SQL Alias as a Table Name
Let’s move on to giving aliases to the tables. The Amazon question wants you to find movies whose runtime is less than or equal to the flight's duration for flight 101.
Interview Question Date: January 2024
As a data scientist at Amazon Prime Video, you are tasked with enhancing the in-flight entertainment experience for Amazon’s airline partners. Your challenge is to develop a feature that suggests individual movies from Amazon's content database that fit within a given flight's duration. For flight 101, find movies whose runtime is less than or equal to the flight's duration.
The output should list suggested movies for the flight, including 'flight_id', 'movie_id', and 'movie_duration'."
Link to the question: https://platform.stratascratch.com/coding/10360-movie-duration-match
There are two tables, you can use. The first one is entertainment_catalog.
movie_id | title | duration |
---|---|---|
1 | The Great Adventure | 120 |
2 | Space Journey | 90 |
3 | Ocean Mystery | 60 |
4 | The Lost City | 150 |
5 | Mountain Quest | 110 |
The second table is named flight_schedule.
flight_id | flight_duration | flight_date |
---|---|---|
101 | 240 | 2024-01-01 |
102 | 180 | 2024-01-02 |
103 | 240 | 2024-01-03 |
104 | 150 | 2024-01-04 |
105 | 300 | 2024-01-05 |
The code is relatively straightforward: join the tables on the condition that the movie is equal to or shorter than the flight duration, filter data to show only flight 101, and there you go.
SELECT flight_schedule.flight_id,
entertainment_catalog.movie_id,
entertainment_catalog.duration AS movie_duration
FROM flight_schedule
JOIN entertainment_catalog ON entertainment_catalog.duration <= flight_schedule.flight_duration
WHERE flight_schedule.flight_id = 101
ORDER BY entertainment_catalog.duration;
But you need to write the full table names when joining. If you also want to make it more understandable which table each column is coming from, you’ll need to write the full names of the tables in front of each column you use. Writing entertainment_catalog or flight_schedule, let me count, eight times unnecessarily prolongs the writing of this quite simple query.
Avoid that by using aliases! If you give tables aliases fs and ec, you’ll need to write the full names only in FROM and JOIN. After that, you just reference the table by its alias, which consists of two letters, not ten or more.

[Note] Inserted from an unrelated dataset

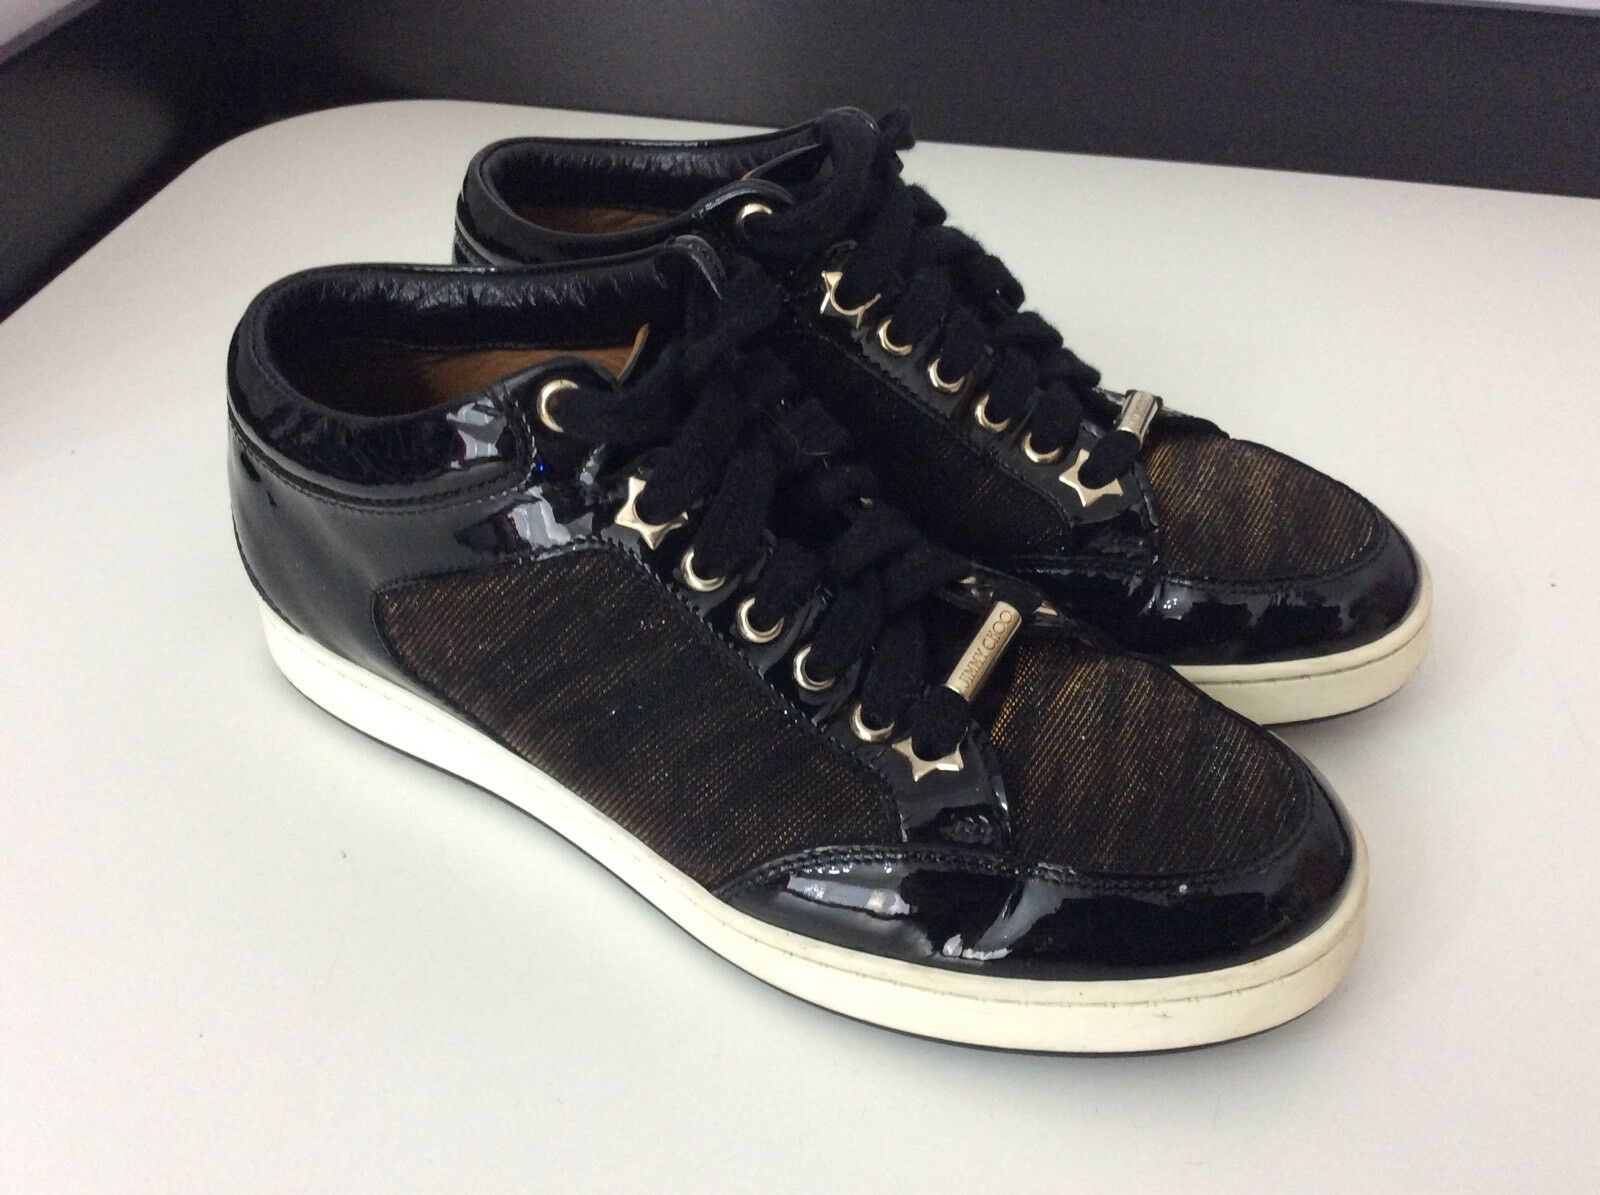 Jimmy CHOO scarpe da ginnastica top basse in pelle in vernice nera misura 35 Regno Unito 2

See also how the code suddenly becomes more readable and seemingly less complex.
SELECT fs.flight_id,
ec.movie_id,
ec.duration AS movie_duration
FROM flight_schedule AS fs
JOIN entertainment_catalog AS ec ON ec.duration <= fs.flight_duration
WHERE fs.flight_id = 101
ORDER BY ec.duration;
flight_id | movie_id | movie_duration |
---|---|---|
101 | 3 | 60 |
101 | 9 | 75 |
101 | 8 | 85 |
101 | 2 | 90 |
101 | 6 | 95 |
SQL Alias as a CASE Statement Name
The CASE statement results in a new column added to the output, so giving it an alias has the same purpose as giving an alias to any regular or calculated column.

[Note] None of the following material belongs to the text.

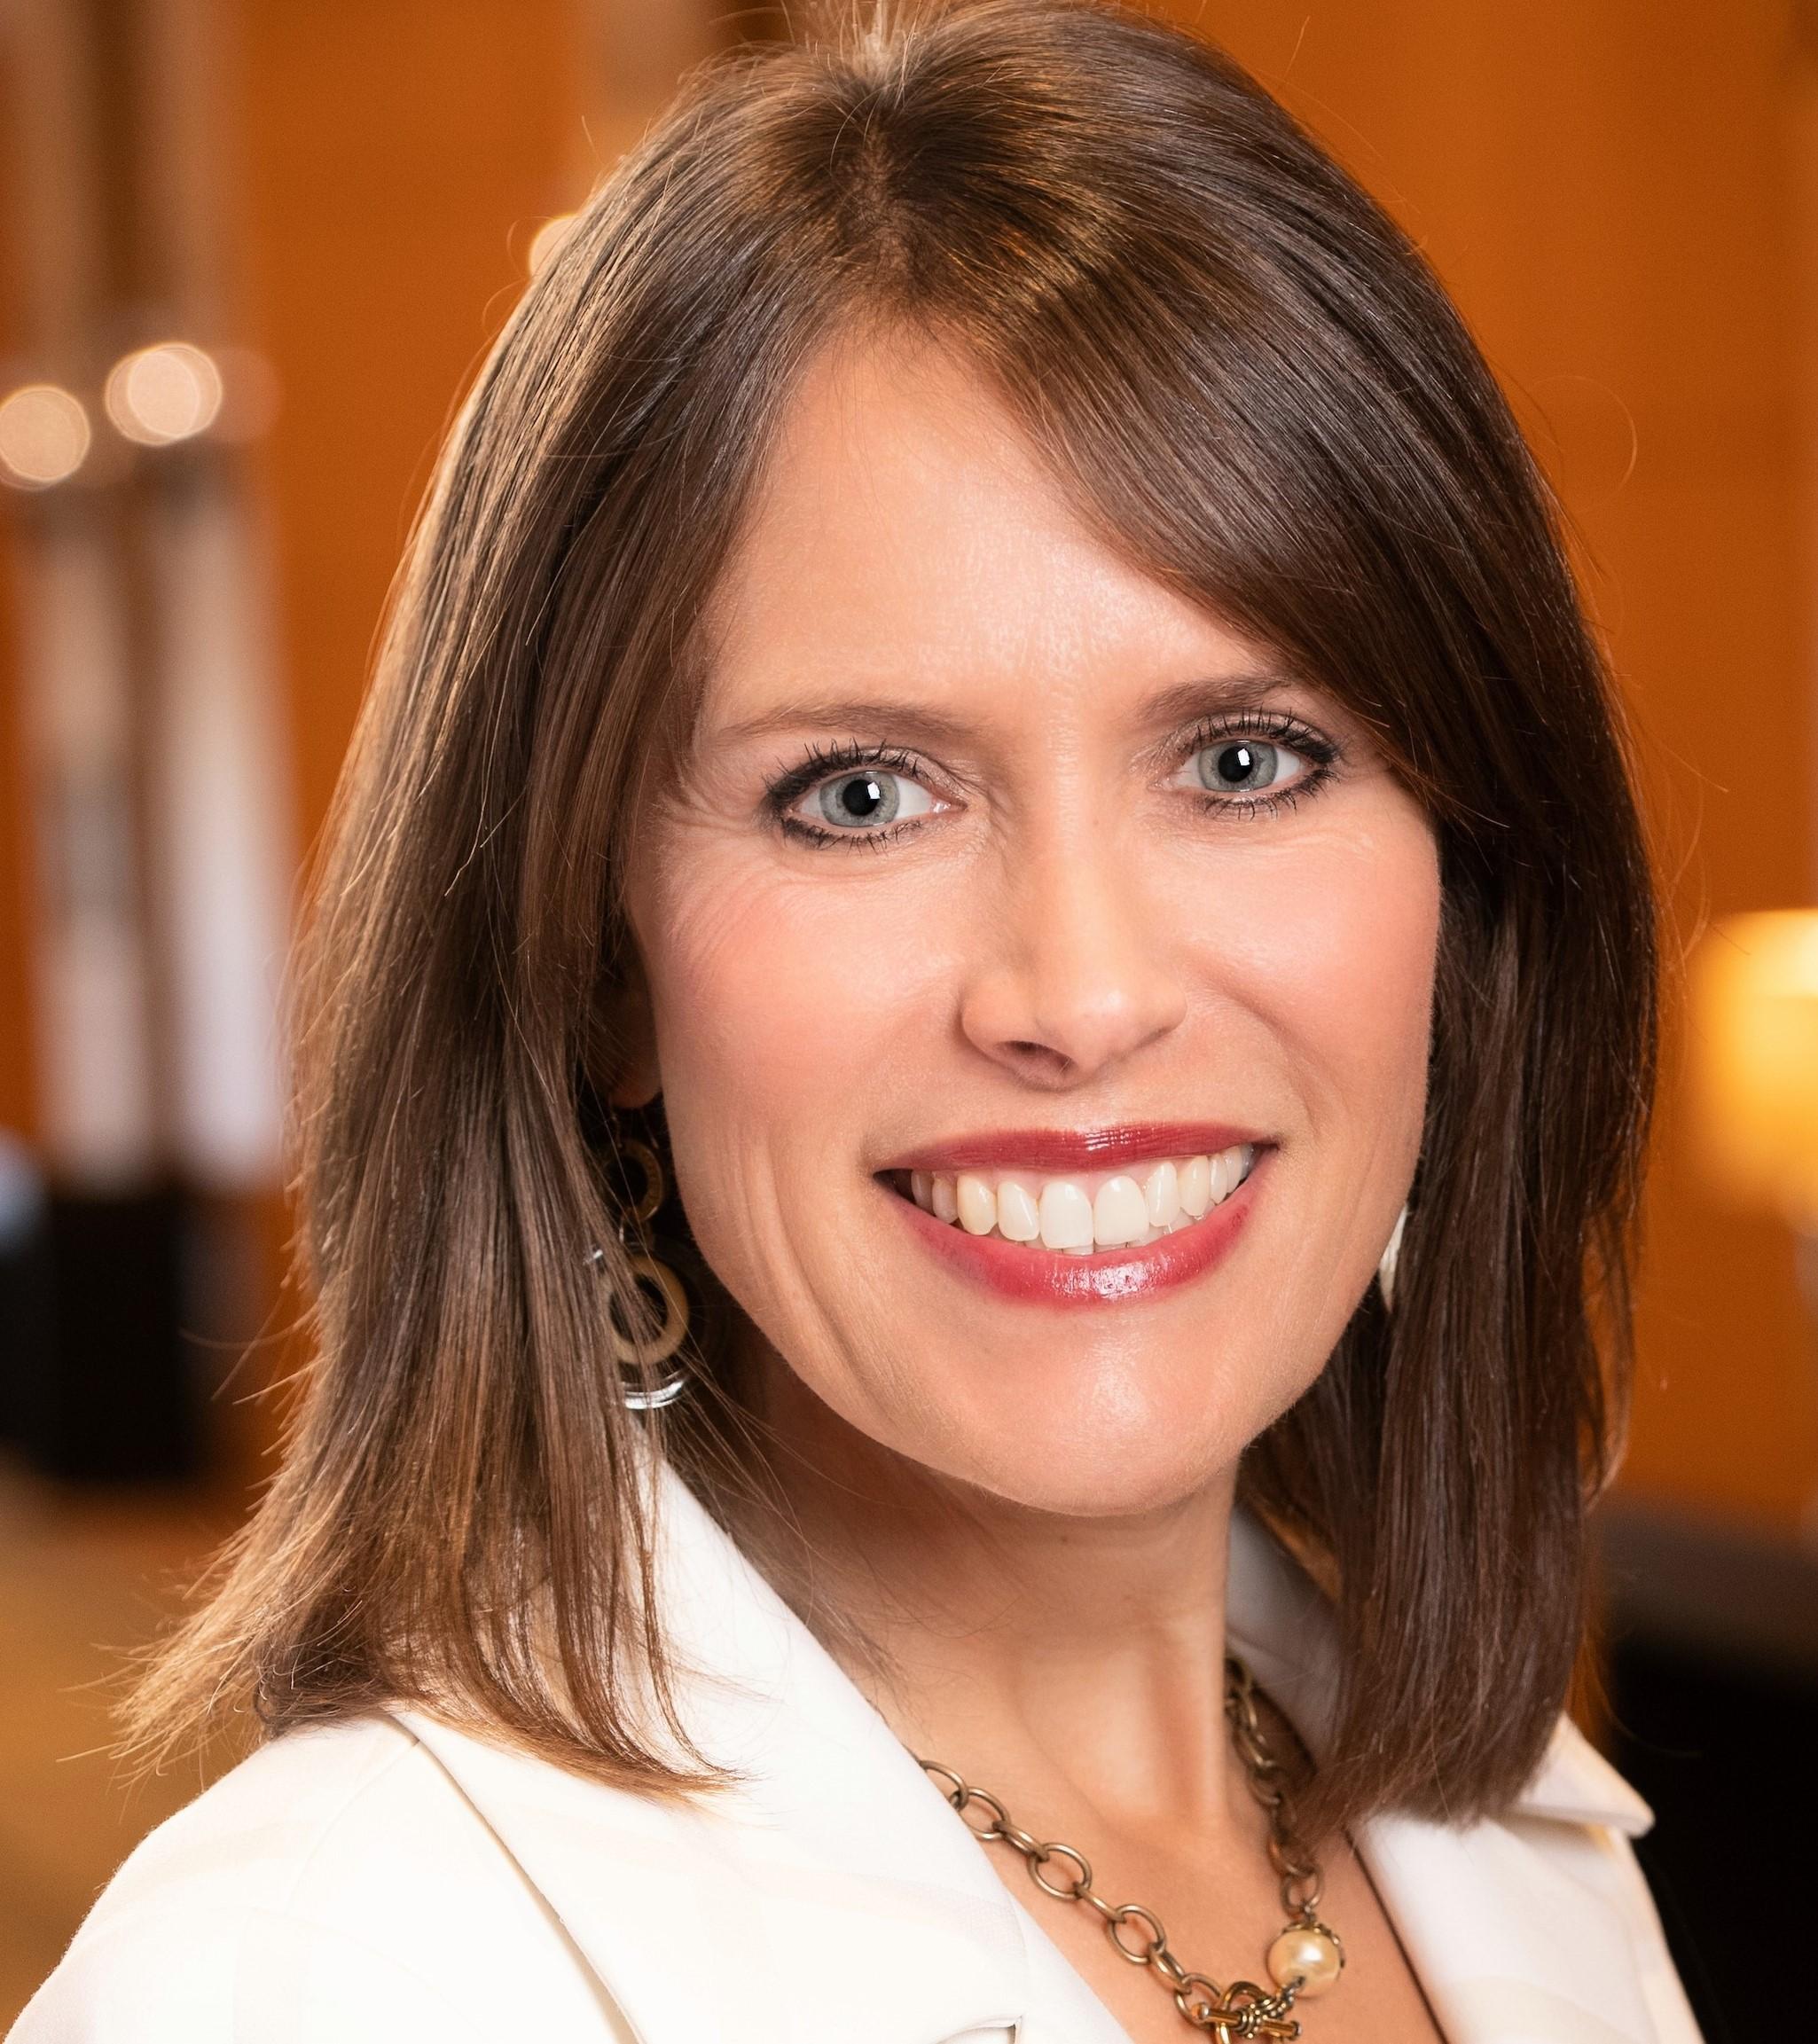 Jennifer McCollum

I’ll demonstrate this on a question by Block.
Interview Question Date: May 2023
Identify the number of employees within each department that share the same birth month. Your output should list the department, birth month, and the number of employees from that department who were born in that month. If a month has no employees born in it within a specific department, report this month as having 0 employees. The "profession" column stores the department names of each employee.
Link to the question: https://platform.stratascratch.com/coding/10355-employees-with-same-birth-month
We need to identify the number of employees within each department that share the same birth month.

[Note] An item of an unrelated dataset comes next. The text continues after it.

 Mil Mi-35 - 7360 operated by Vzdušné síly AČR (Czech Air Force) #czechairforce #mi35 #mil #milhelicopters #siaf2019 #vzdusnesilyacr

We’ll work with the table named employee_list.
first_name | last_name | profession | employee_id | birthday | birth_month |
---|---|---|---|---|---|
John | Smith | Engineer | 1 | 1985-02-15 | 2 |
Sarah | Johnson | Doctor | 2 | 1970-11-13 | 11 |
Johnson | Miller | Teacher | 3 | 1988-07-08 | 7 |
Emma | Johnson | Doctor | 4 | 1968-08-04 | 8 |
Paul | Johnson | Manager | 5 | 1986-01-14 | 1 |
As per the question requirement, we need to show each month and the number of employees born that month.
In the solution, we use SQL CASE WHEN extensively. First, we extract the month from the column birthday, assign the value of 1 when the condition in CASE is met, and then count the number of occurrences, which equals the number of employees.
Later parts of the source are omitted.